Leerlingen met kind-eigen problematiek op het gebied van gedrag of gezondheid kunnen ondersteuning krijgen van een ambulant begeleider. Deze is als expert betrokken bij de begeleiding van de leerling en geeft sturing aan het opstellen, uitvoeren en evalueren van een individueel ontwikkelingsplan (iop) in overleg met de mentor en de zorgcoördinator. De ambulante begeleiding wordt, waar nodig, in samenwerking met externe diensten geboden.

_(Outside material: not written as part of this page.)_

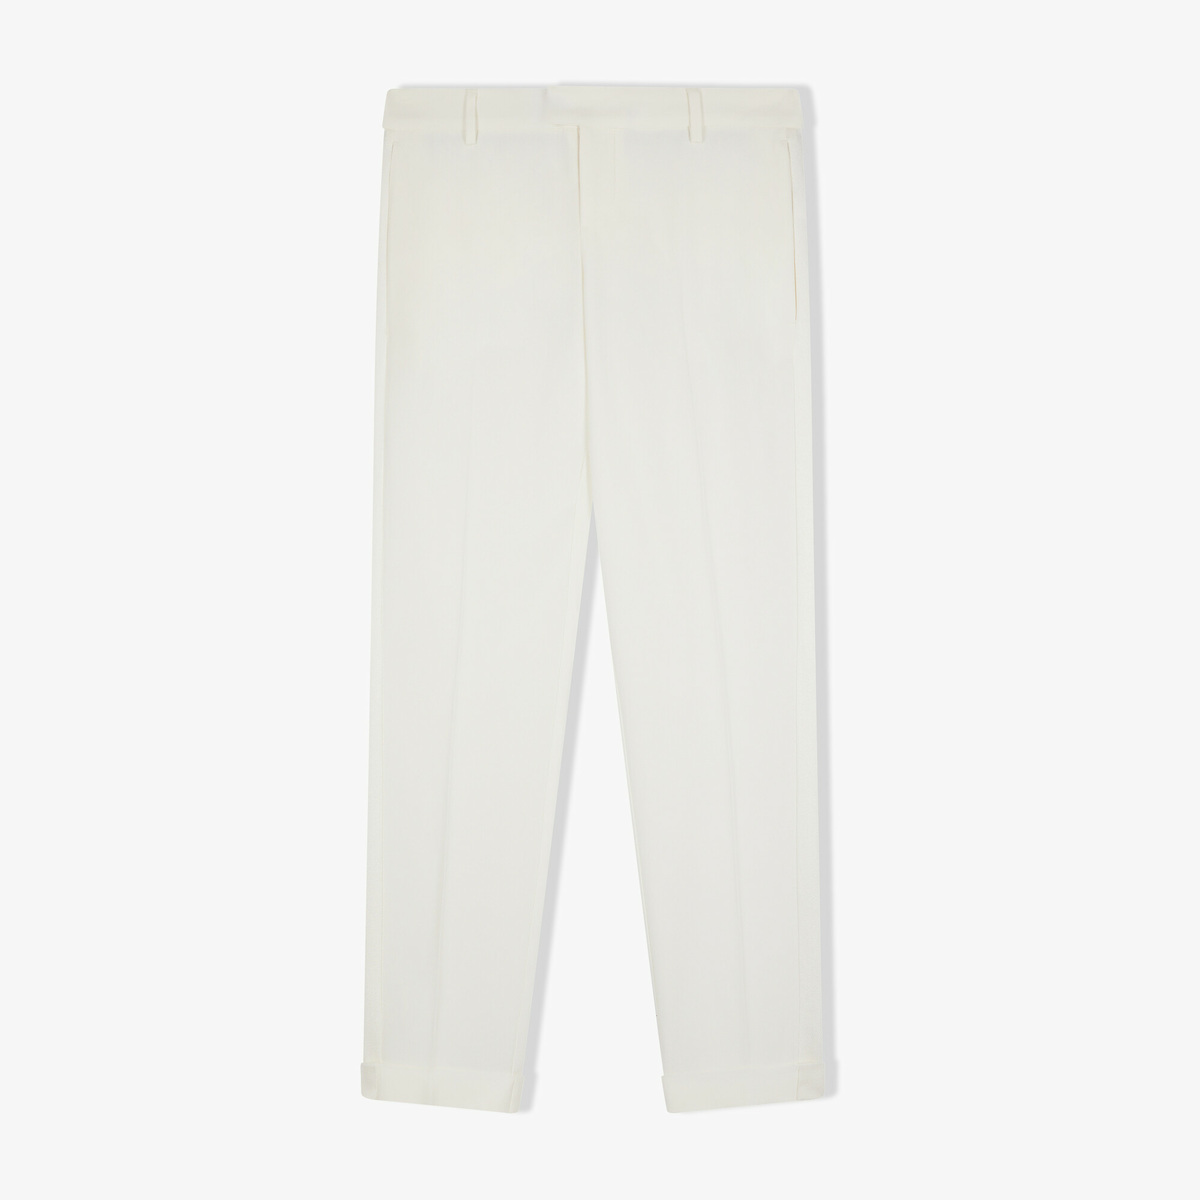 Pantalon de Smoking Claude, Blanc - Coupe 7/8 à large revers - Satin - image 1
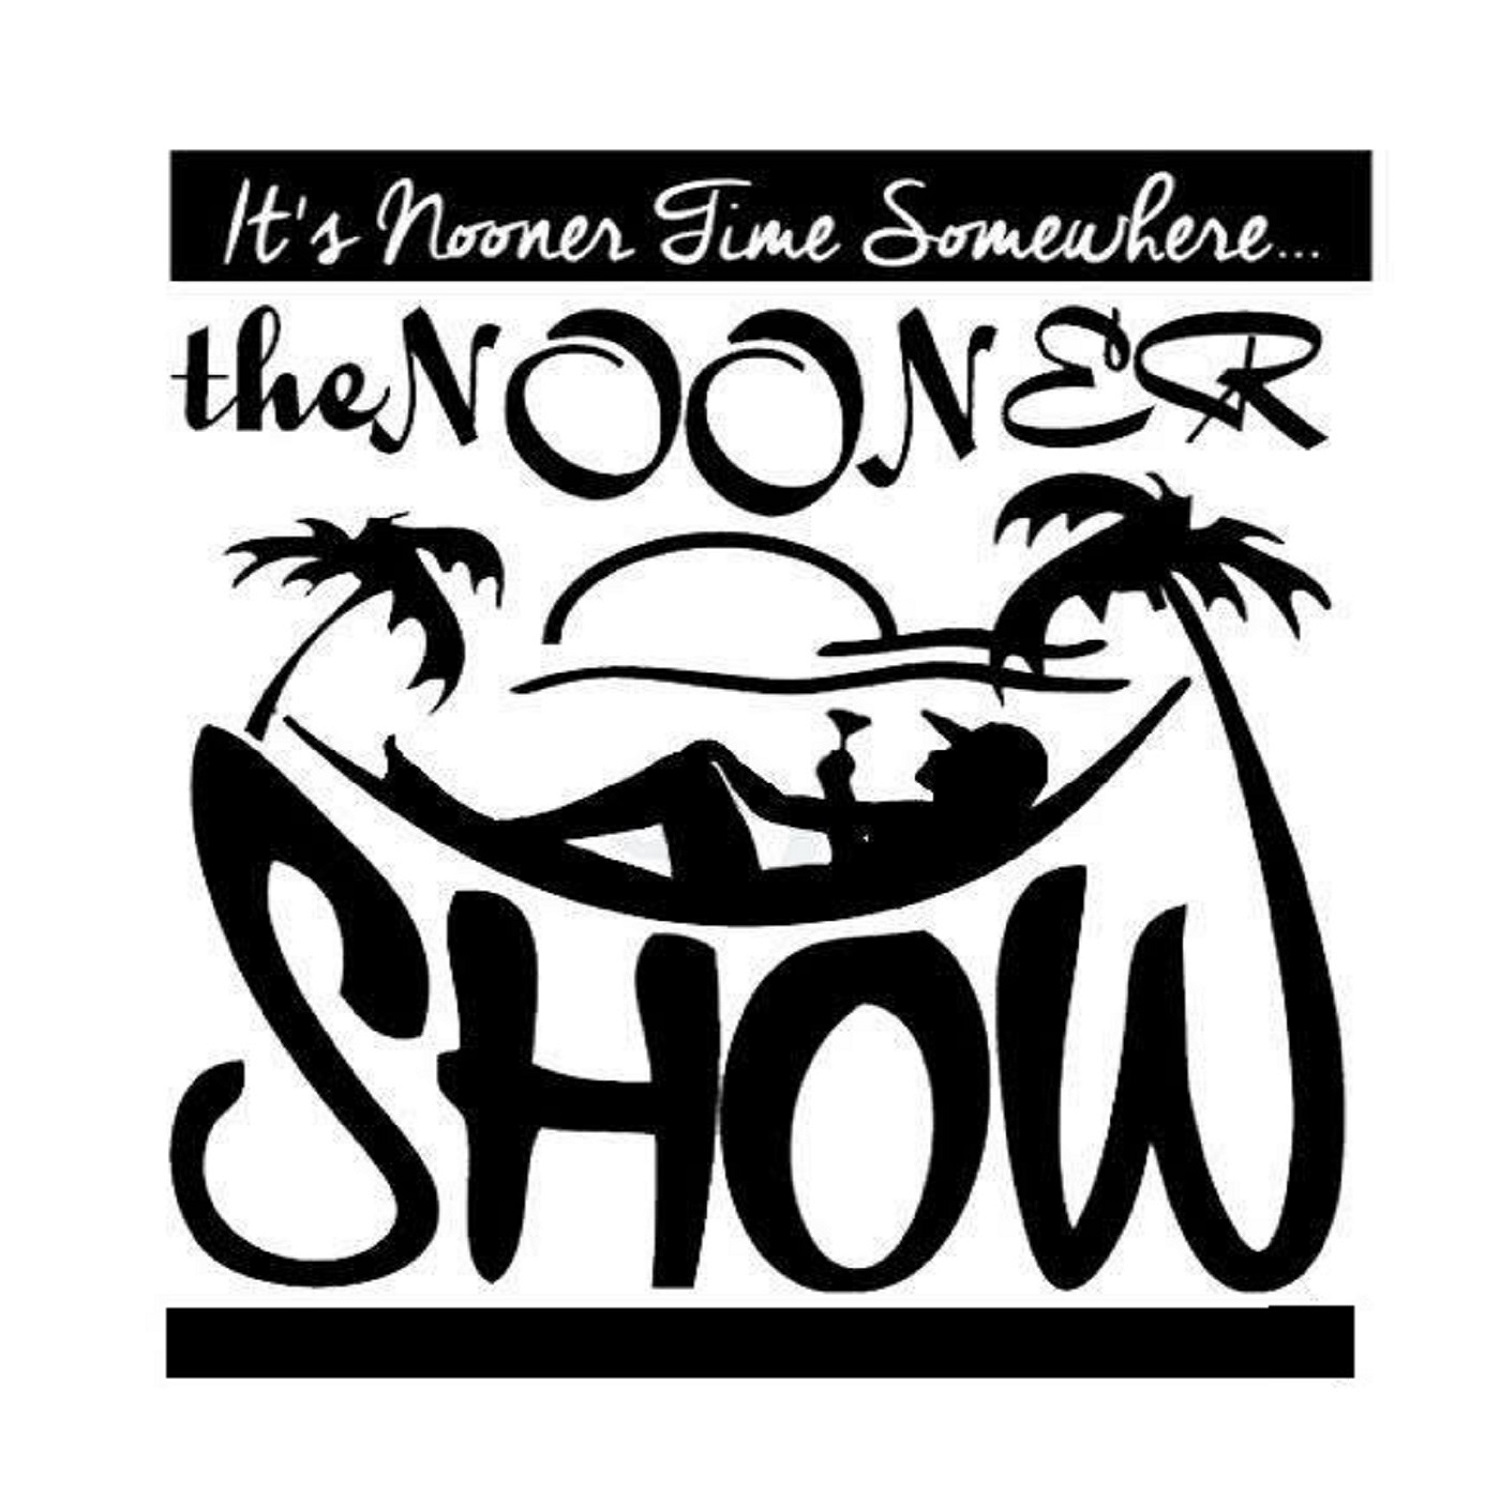 The Nooner Show – Episode 184

Het doel is om de leerling zo goed mogelijk van het onderwijs te laten profiteren. Het gaat daarbij om het vinden van een balans tussen de eisen van het onderwijs, de sociale omgeving en maatschappij enerzijds en de mogelijkheden van het kind anderzijds. Er kan sprake zijn van daadwerkelijke begeleiding van de leerling, maar ook van advisering en ondersteuning van de mentor, de vakdocenten of de ouders.

Buddyleerling

Een leerling kan gekoppeld worden aan een andere leerling (buddy) voor extra steun bij de dagelijkse schoolse zaken in de klas. Bijvoorbeeld iemand in een rolstoel, wiens tas gedragen wordt door de buddyleerling.

Dyslexie

Voor leerlingen met dyslexie kunnen aanpassingen gelden in de klas, zoals langere tijd voor toetsen, gebruik van de laptop of het minder zwaar mee laten tellen van spelfouten. Een dyslexiebegeleider coacht deze leerlingen om zo goed mogelijk om te gaan met hun dyslexie. Onder bepaalde voorwaarden kan een leerling met dyslexie vrijstelling voor een vak krijgen (dispensatie) of een aangepast programma binnen het vak (compensatie). Download: Dyslexiebegeleiding op het Calvijn.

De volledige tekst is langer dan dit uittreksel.